Figure 1.2 shows a bar chart of the sum of distances to other arrays S_a, the outlier detection criterion from the previous figure. The bars are shown in the original order of the arrays. Based on the distribution of the values across all arrays, a threshold of 866 was determined, which is indicated by the vertical line. One array exceeded the threshold and was considered an outlier.

Figure 1.3 shows a scatterplot of the arrays along the first two principal components. You can use this plot to explore if the arrays cluster, and whether this is according to an intended experimental factor (you can indicate such a factor by color using the 'intgroup' argument), or according to unintended causes such as batch effects. Move the mouse over the points to see the sample names.
Principal component analysis is a dimension reduction and visualisation technique that is here used to project the multivariate data vector of each array into a two-dimensional plot, such that the spatial arrangement of the points in the plot reflects the overall data (dis)similarity between the arrays.

Section 2: Array Intensity Distributions

Legend	Name	Description
A	Boxplots	See remarks
B	Boxplots (Outliers)	See remarks
C	Density plots	See remarks

Remarks

Figure 2.1 shows boxplots representing summaries of the signal intensity distributions of the arrays. Each box corresponds to one array. Typically, one expects the boxes to have similar positions and widths. If the distribution of an array is very different from the others, this may indicate an experimental problem. Outlier detection was performed by computing the Kolmogorov-Smirnov statistic K_a between each array's distribution and the distribution of the pooled data.

Figure 2.2 shows a bar chart of the Kolmogorov-Smirnov statistic K_a, the outlier detection criterion from the previous figure. The bars are shown in the original order of the arrays. Based on the distribution of the values across all arrays, a threshold of 0.0233 was determined, which is indicated by the vertical line. One array exceeded the threshold and was considered an outlier.

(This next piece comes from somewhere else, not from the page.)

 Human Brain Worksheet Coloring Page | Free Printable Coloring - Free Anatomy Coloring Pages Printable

Figure 2.3 shows density estimates (smoothed histograms) of the data. Typically, the distributions of the arrays should have similar shapes and ranges. Arrays whose distributions are very different from the others should be considered for possible problems. Various features of the distributions can be indicative of quality related phenomena. For instance, high levels of background will shift an array's distribution to the right. Lack of signal diminishes its right right tail. A bulge at the upper end of the intensity range often indicates signal saturation.

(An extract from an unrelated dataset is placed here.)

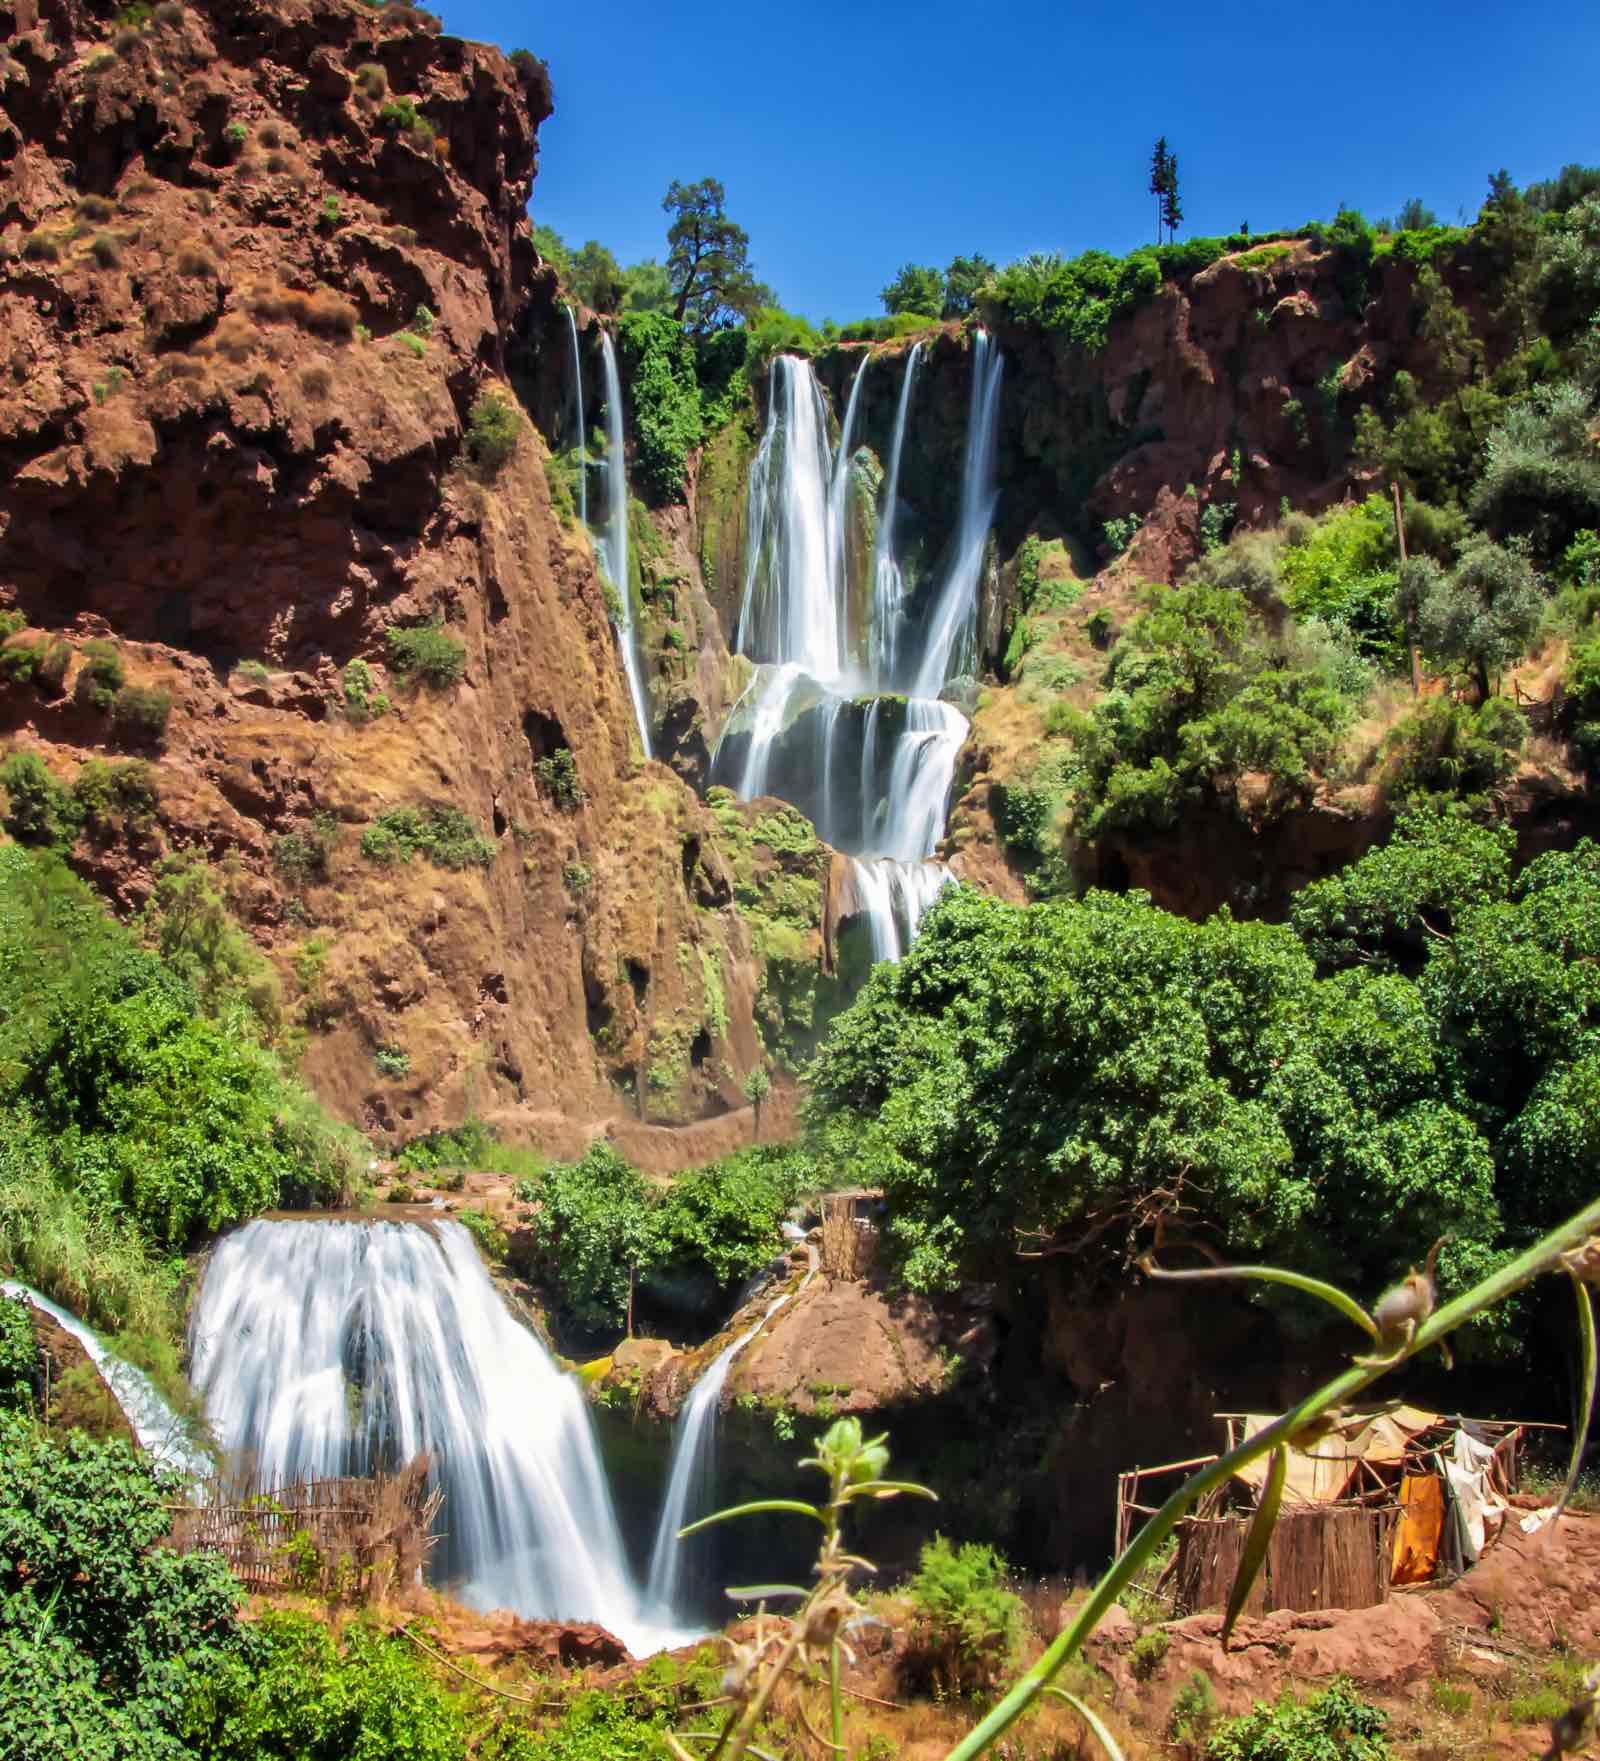 Ouzoud vandfald Marokko Atlasbjergene

Section 3: Individual Array Quality

Legend	Name	Description
A	MA Plots	See remarks
B	MA Plots (Outliers)	See remarks

Remarks

Figure 3.1 shows MA plots. M and A are defined as:
M = log₂(I₁) - log₂(I₂)
A = 1/2 (log₂(I₁)+log₂(I₂)),
where I₁ is the intensity of the array studied,and I₂ is the intensity of a "pseudo"-array that consists of the median across arrays. Typically, we expect the mass of the distribution in an MA plot to be concentrated along the M = 0 axis, and there should be no trend in M as a function of A. If there is a trend in the lower range of A, this often indicates that the arrays have different background intensities; this may be addressed by background correction. A trend in the upper range of A can indicate saturation of the measurements; in mild cases, this may be addressed by non-linear normalisation (e.g. quantile normalisation).
Outlier detection was performed by computing Hoeffding's statistic D_a on the joint distribution of A and M for each array. The value of D_a is shown in the panel headings. 0 arrays had D_a>0.15 and were marked as outliers. For more information on Hoeffing's D-statistic, please see the manual page of the function hoeffd in the Hmisc package.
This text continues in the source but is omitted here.